[ntp:questions] Re: 'summary.in' and 'plot_summary.in
Richard B. Gilbert
rgilbert88 at comcast.net
Mon Jan 24 18:24:22 UTC 2005
Nigel Smith wrote:
>I am looking for ways to analyze and graph the statistics generated by
>NTP and came across the two perl files 'summary.in' and
>'plot_summary.in' in the scripts directory of ntp-4.2.0.tar.gz
>
>Is any one else using these scripts? What is your experience with them?
>
>When I try analyzing my statistics, with 'summary.in', I am getting a
>few error lines like this:
>Can't take sqrt of -384.314 at /root/summary.pl line 326.
>Can't take sqrt of -427.51 at /root/summary.pl line 326.
>Can't take sqrt of -1.63582e+08 at /root/summary.pl line 326.
>
>How worried should I be by these errors? What could be causing them?
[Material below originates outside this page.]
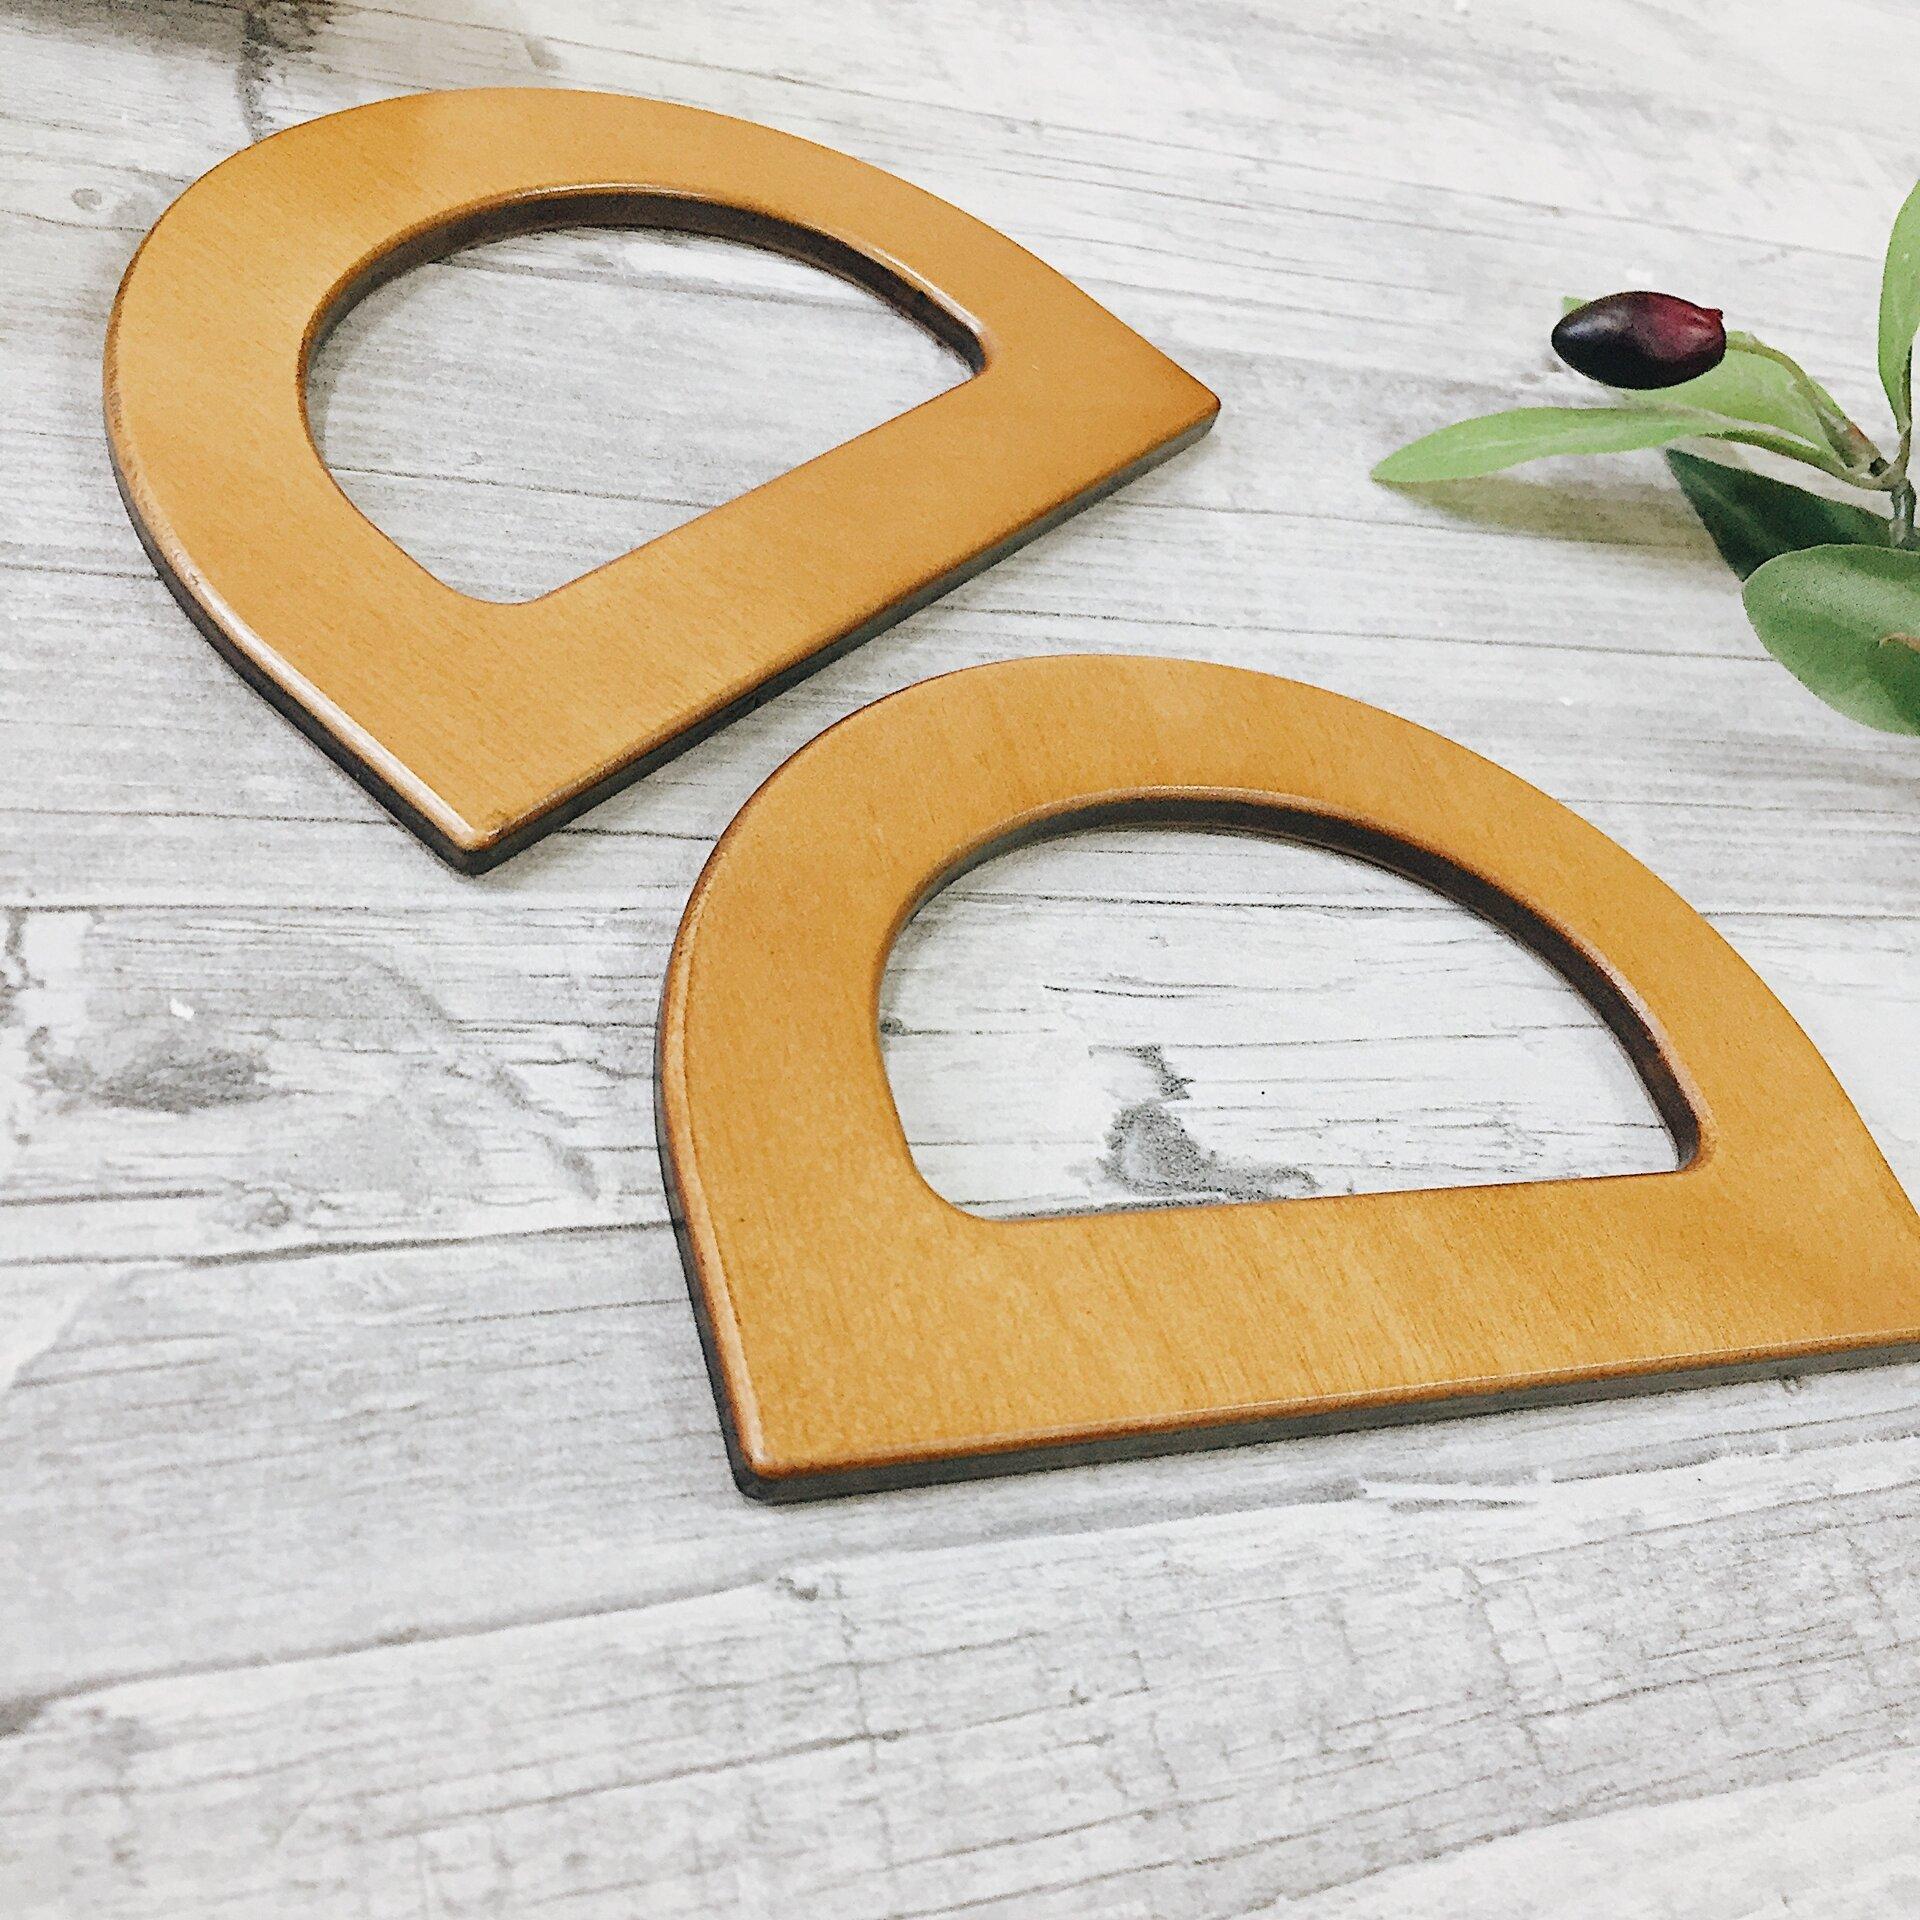 Деревянные ручки для вязаных сумок, полукруг без отверстия, дуб - фото pic_327606559001cc221684b6a33c526c60_1920x9000_1.jpg

>Has any one got a fix for the code?
>
>Can anyone recommend any other good ways to analyze and graph the
>statistics file, both on a daily basis and also more long term
>analysis?
>
>Thanks
>Nigel Smith
>
>
>
I just had a *very* quick look at that code. It looks as if the author
fell into a relatively well known trap.
Variance is defined as "the square root of the sum of the squares of the
sample deviations from the mean divided by the number of samples. The
safe way to calculate this requires that you first find the mean of the
samples and then calculate the sum of the squares of the deviations from
the mean. Many programmers use a shortcut that is mathematically
equivalent but is not "computationally equivalent" when using floating
point numbers.
That shortcut looks like this (in pseudo code)
a=0
for i = 1 to N
{
s +=x**2
t+=x
}
sigma = s/N - (t/N)**2
Computations using a limited number of significant figures can result
in a mathematically impossible result of a negative variance. When you
then try to calculate the standard deviation by finding the square root
of the variance, the program blows up in your face.
It looks as if the code does something similar. The only sure fix is
to rewrite the code to do the calculation in a way that is both
mathematically and computationally correct! If perl supports "double
precision" the additional significant figures might alleviate the
problem somewhat but probably not eliminate it completely.